Exercise aim:
Retype, word for word, only the lines from the one containing "Vista previa: lo" through the last line of the listing below. Pictures do not belong in the result.

Input data:
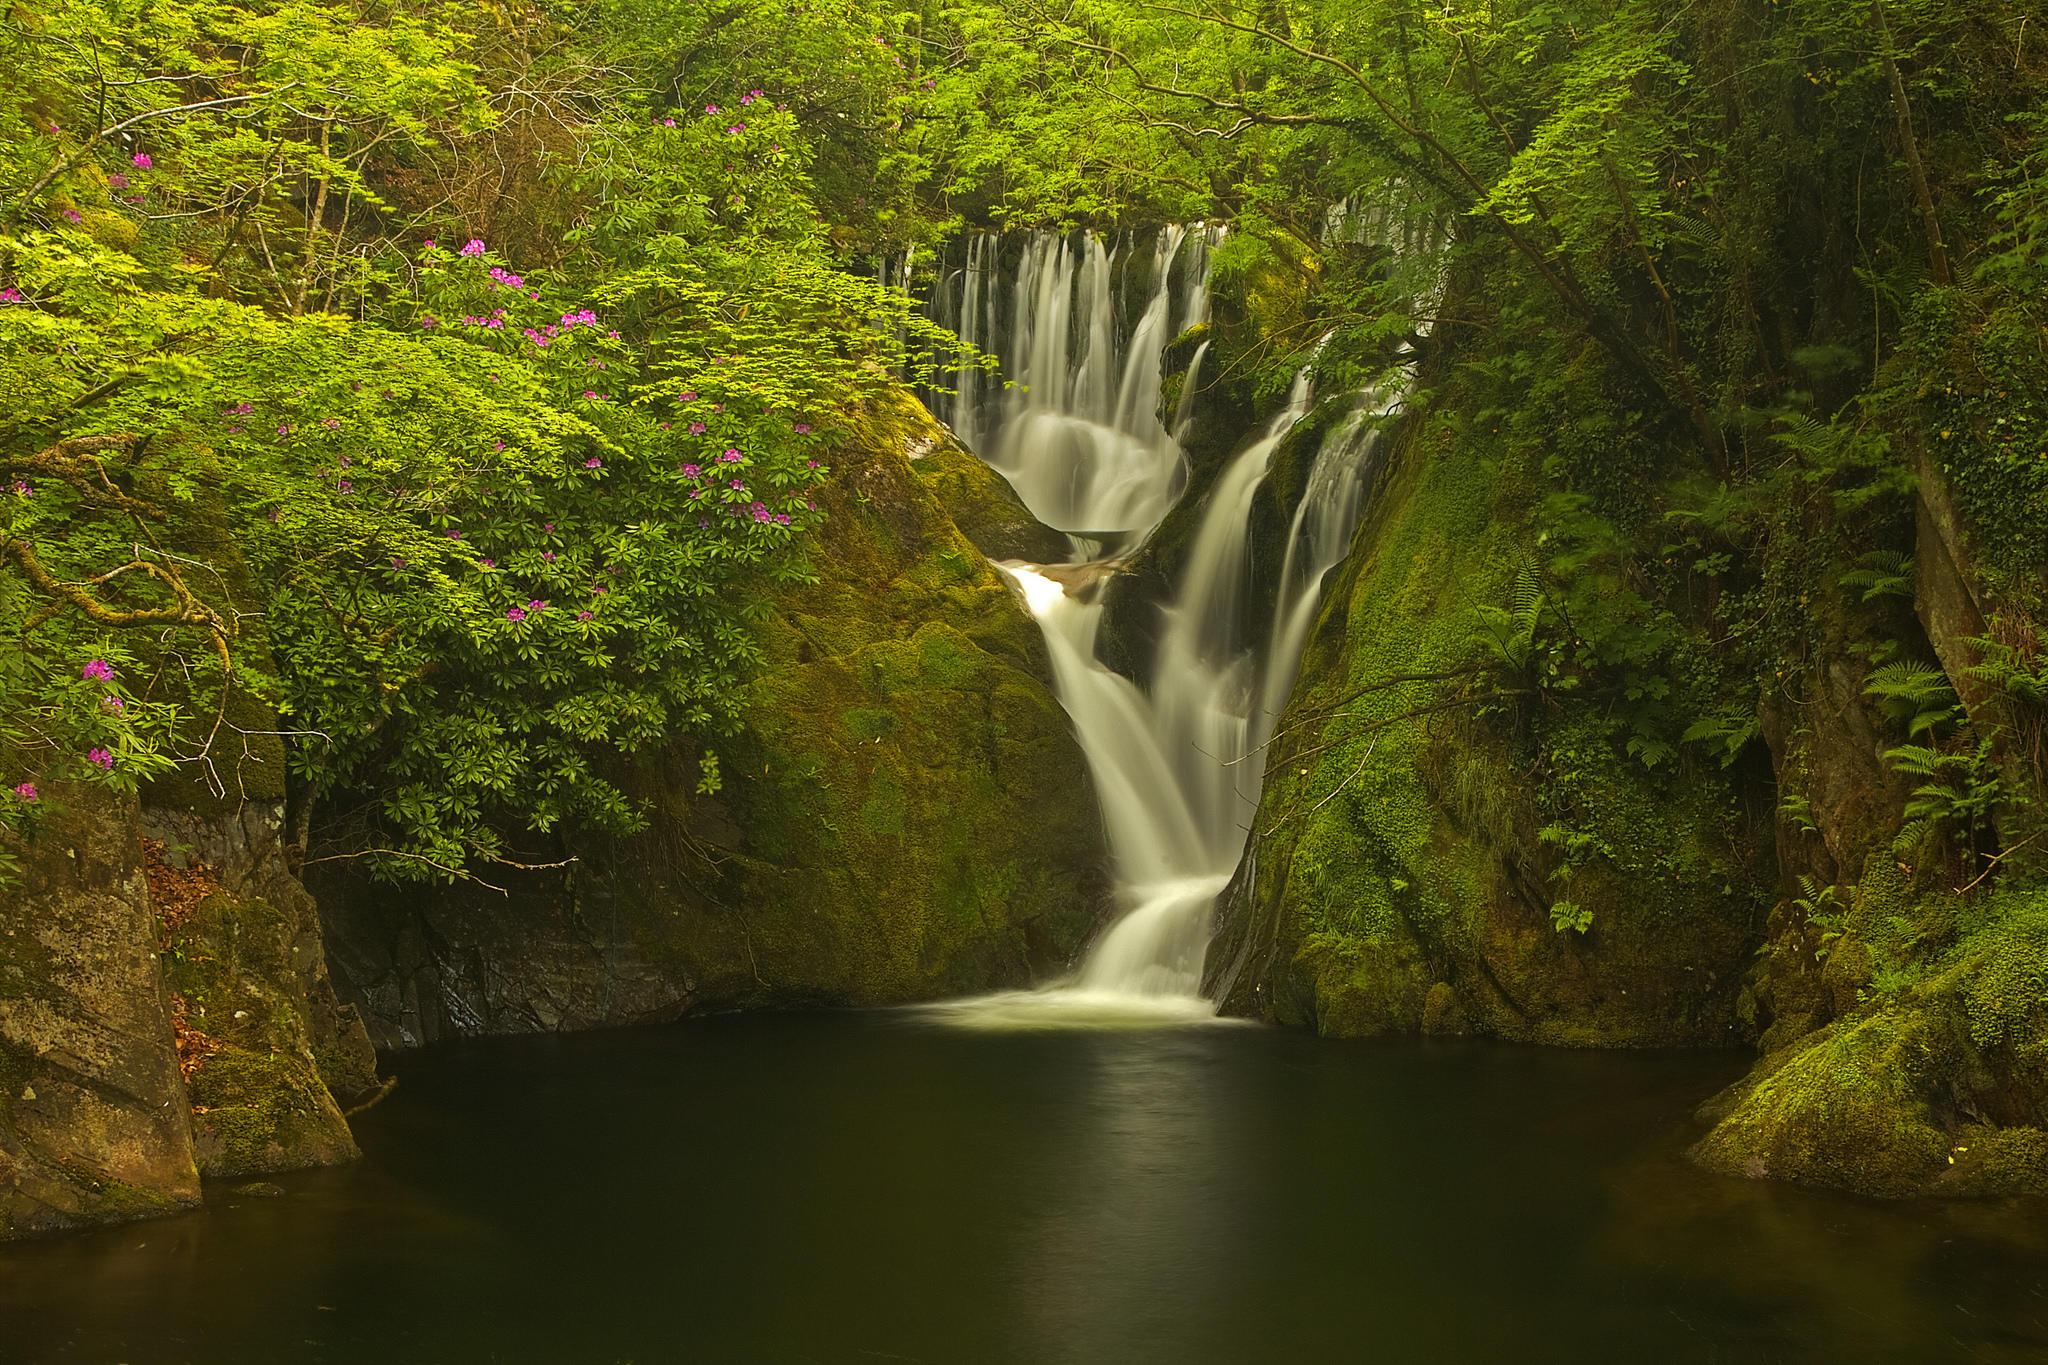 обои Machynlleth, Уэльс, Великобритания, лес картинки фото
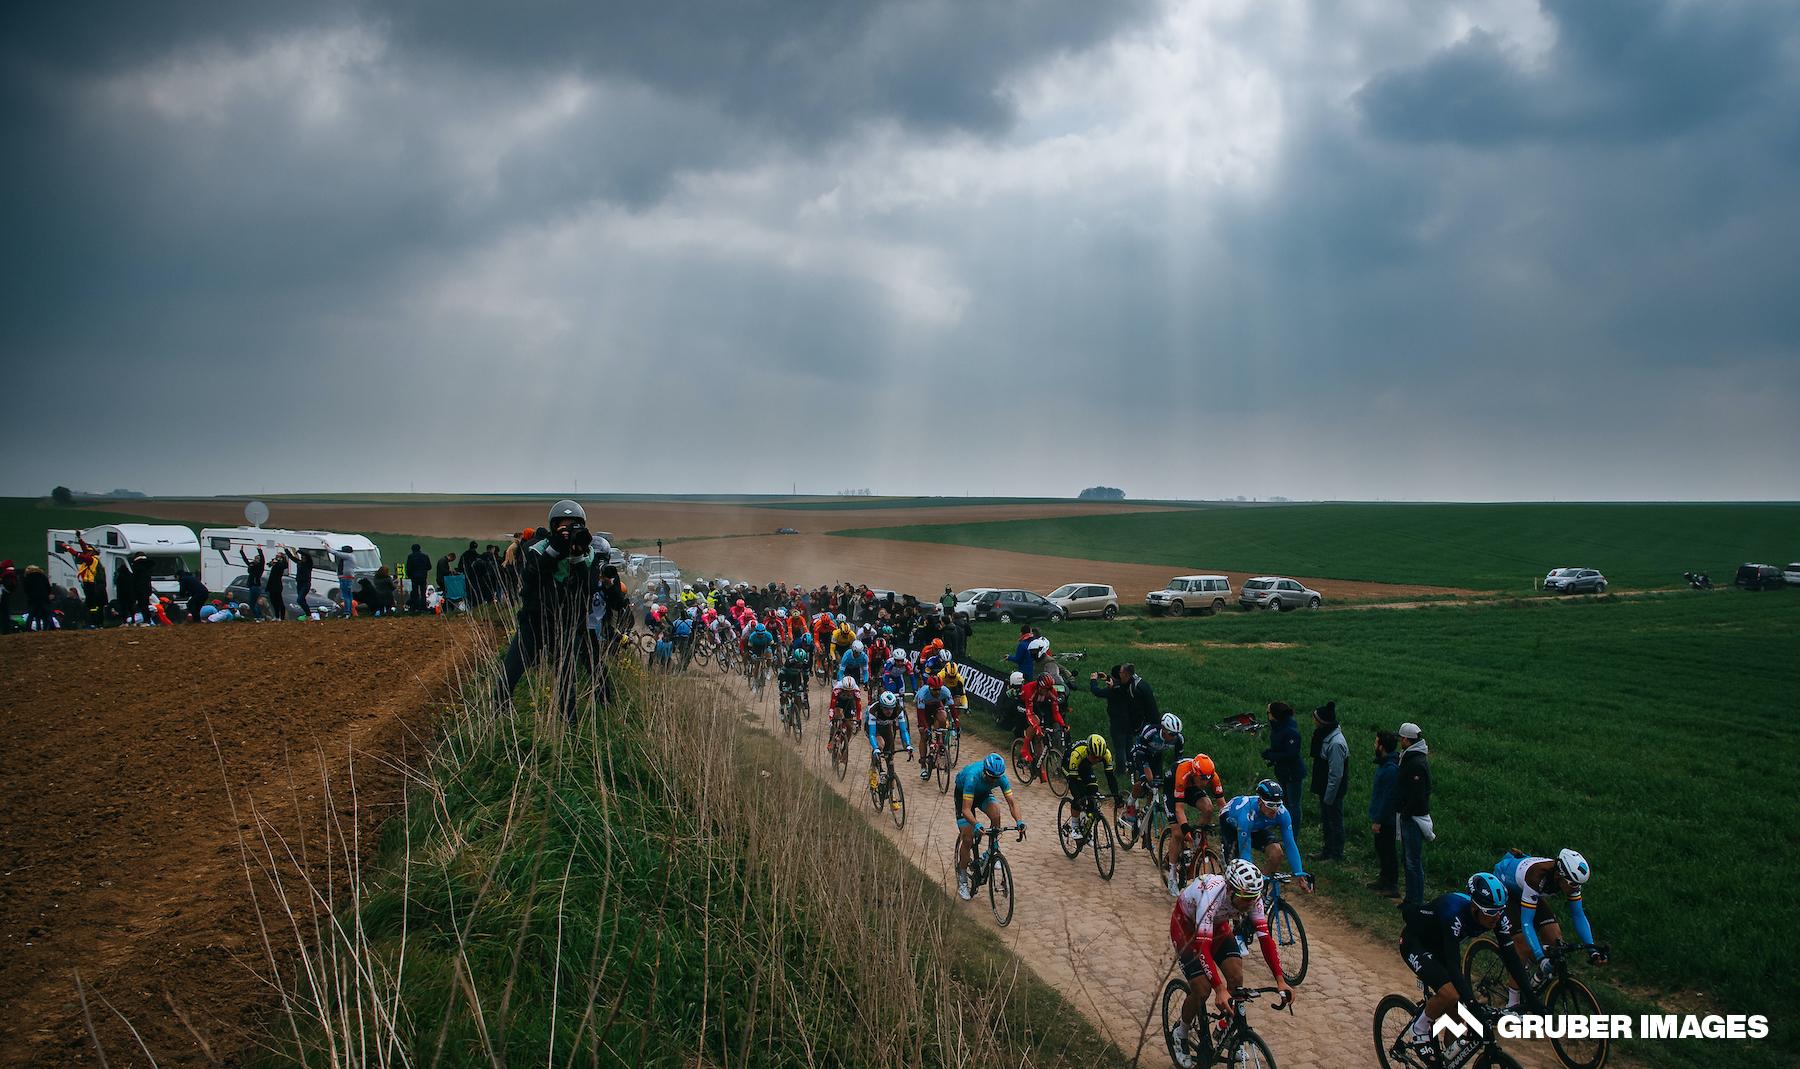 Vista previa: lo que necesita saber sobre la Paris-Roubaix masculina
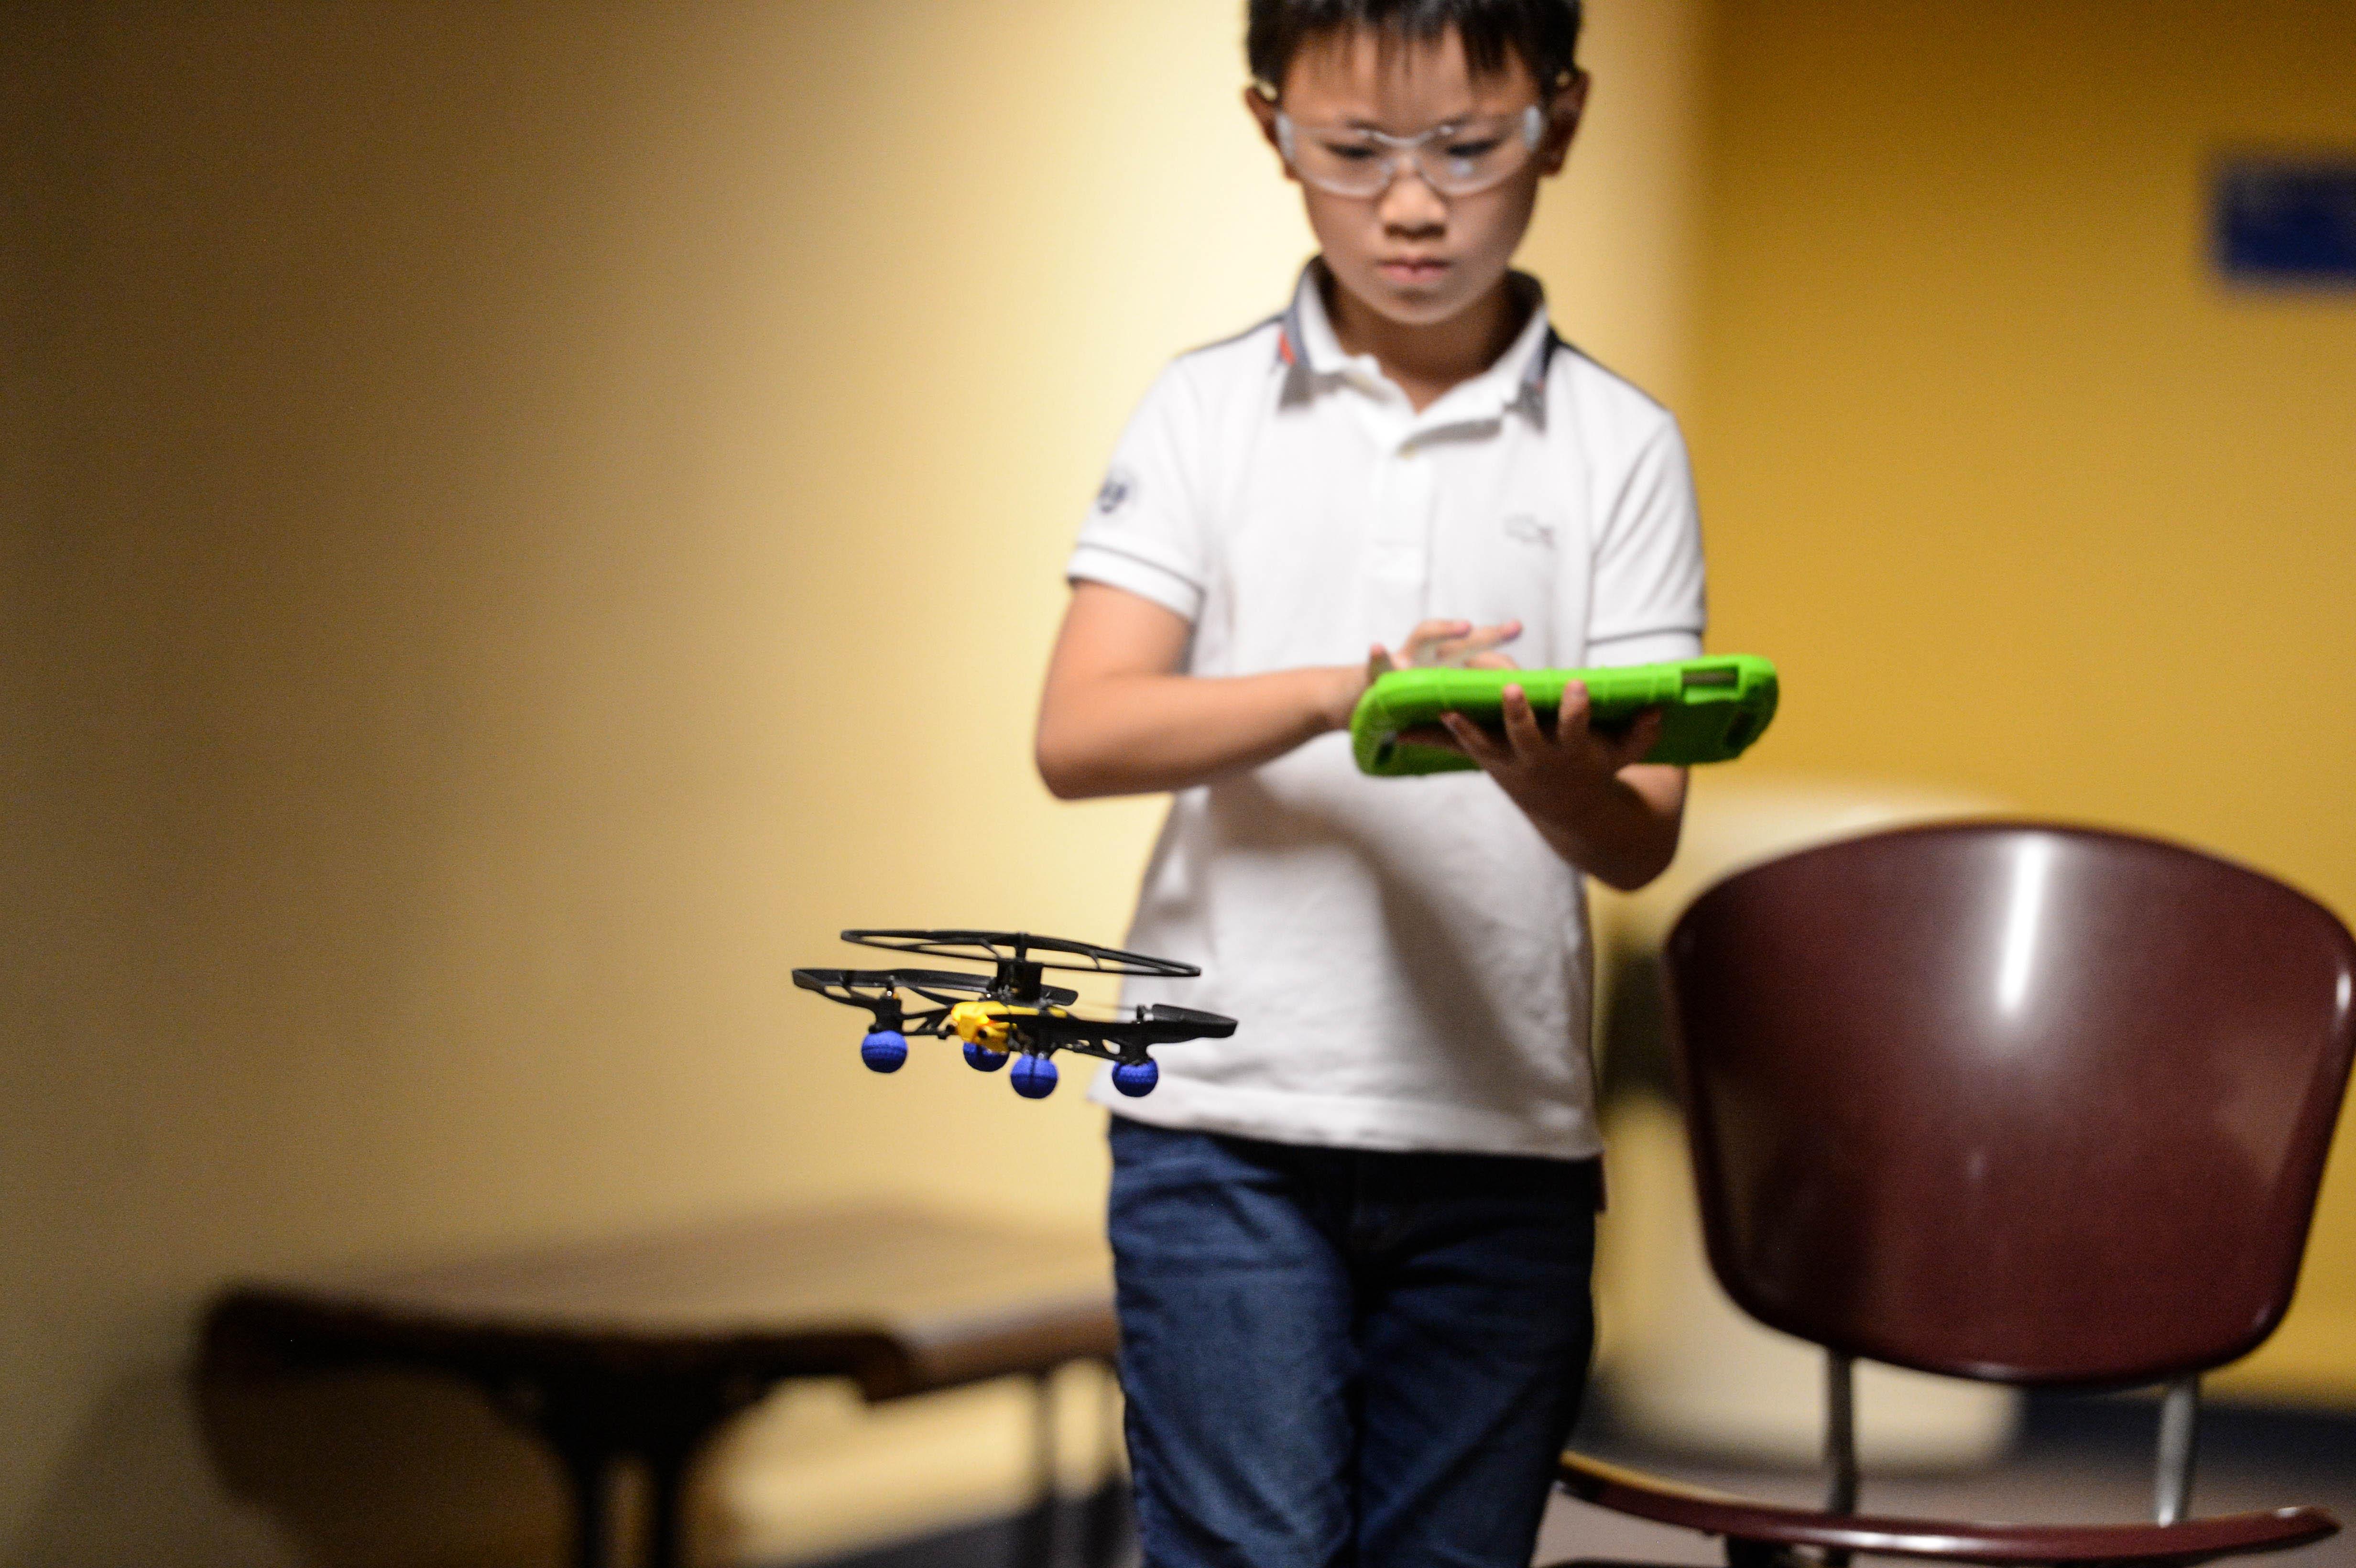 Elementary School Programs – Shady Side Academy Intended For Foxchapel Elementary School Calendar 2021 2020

Result below:
 Vista previa: lo que necesita saber sobre la Paris-Roubaix masculina
 Elementary School Programs – Shady Side Academy Intended For Foxchapel Elementary School Calendar 2021 2020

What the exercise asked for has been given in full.